## WHAT IS BEING ASKED
Taking the listing below, restate word for word each line from the line with "Slim Trunk bibliotheek" to the line with "プラチナネックレス Pt950 2面喜平チェーン 日本製 検定印 30g 50cm 中", ends included, and stop there.

## MATERIAL TO PROCESS
☆ ☆ ☆

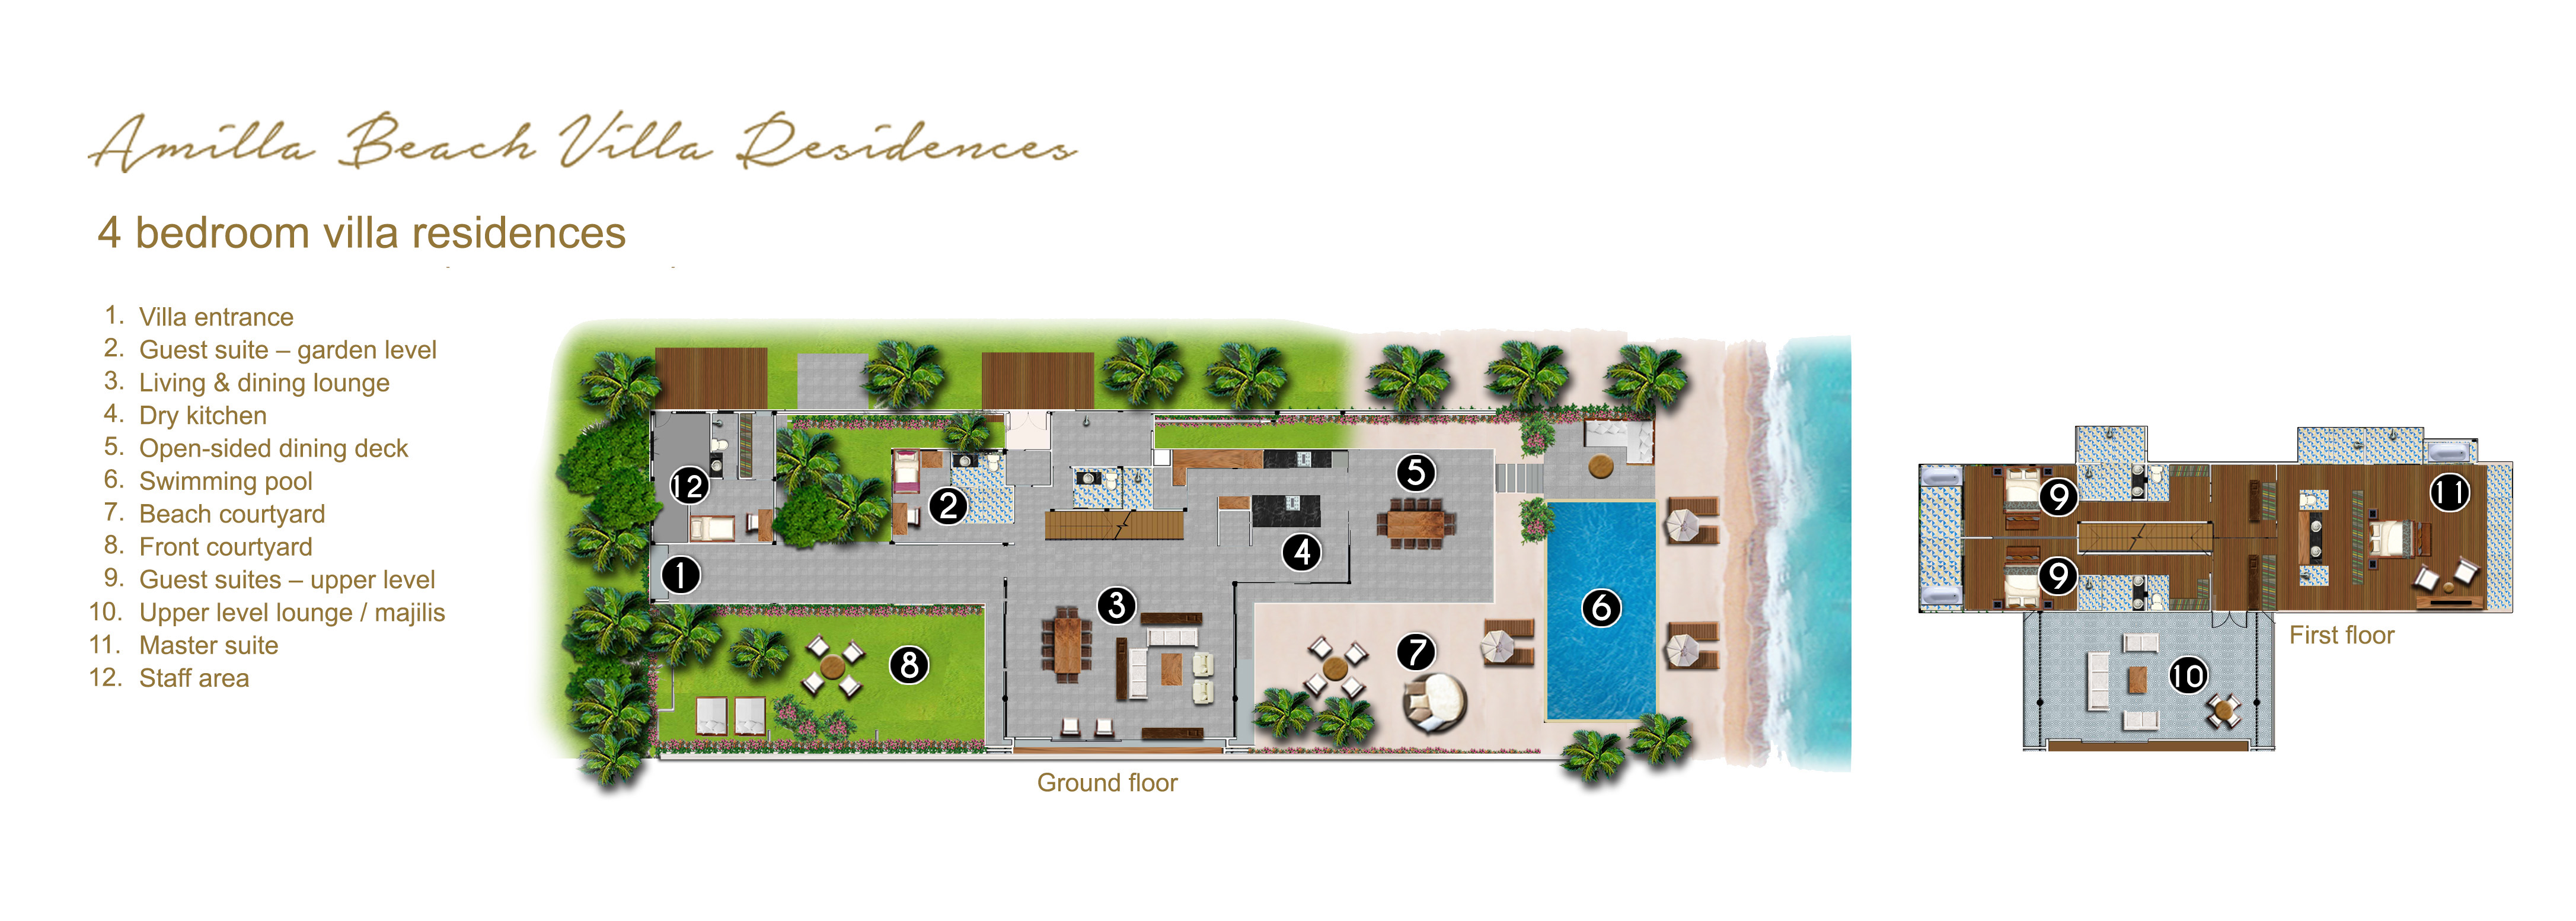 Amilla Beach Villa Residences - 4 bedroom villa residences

☆ ☆ ☆

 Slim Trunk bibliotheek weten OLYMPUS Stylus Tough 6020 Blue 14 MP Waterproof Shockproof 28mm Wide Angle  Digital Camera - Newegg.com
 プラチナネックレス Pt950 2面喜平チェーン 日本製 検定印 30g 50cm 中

☆ ☆ ☆

## SOLUTION TO THE PROBLEM
 Slim Trunk bibliotheek weten OLYMPUS Stylus Tough 6020 Blue 14 MP Waterproof Shockproof 28mm Wide Angle  Digital Camera - Newegg.com
 プラチナネックレス Pt950 2面喜平チェーン 日本製 検定印 30g 50cm 中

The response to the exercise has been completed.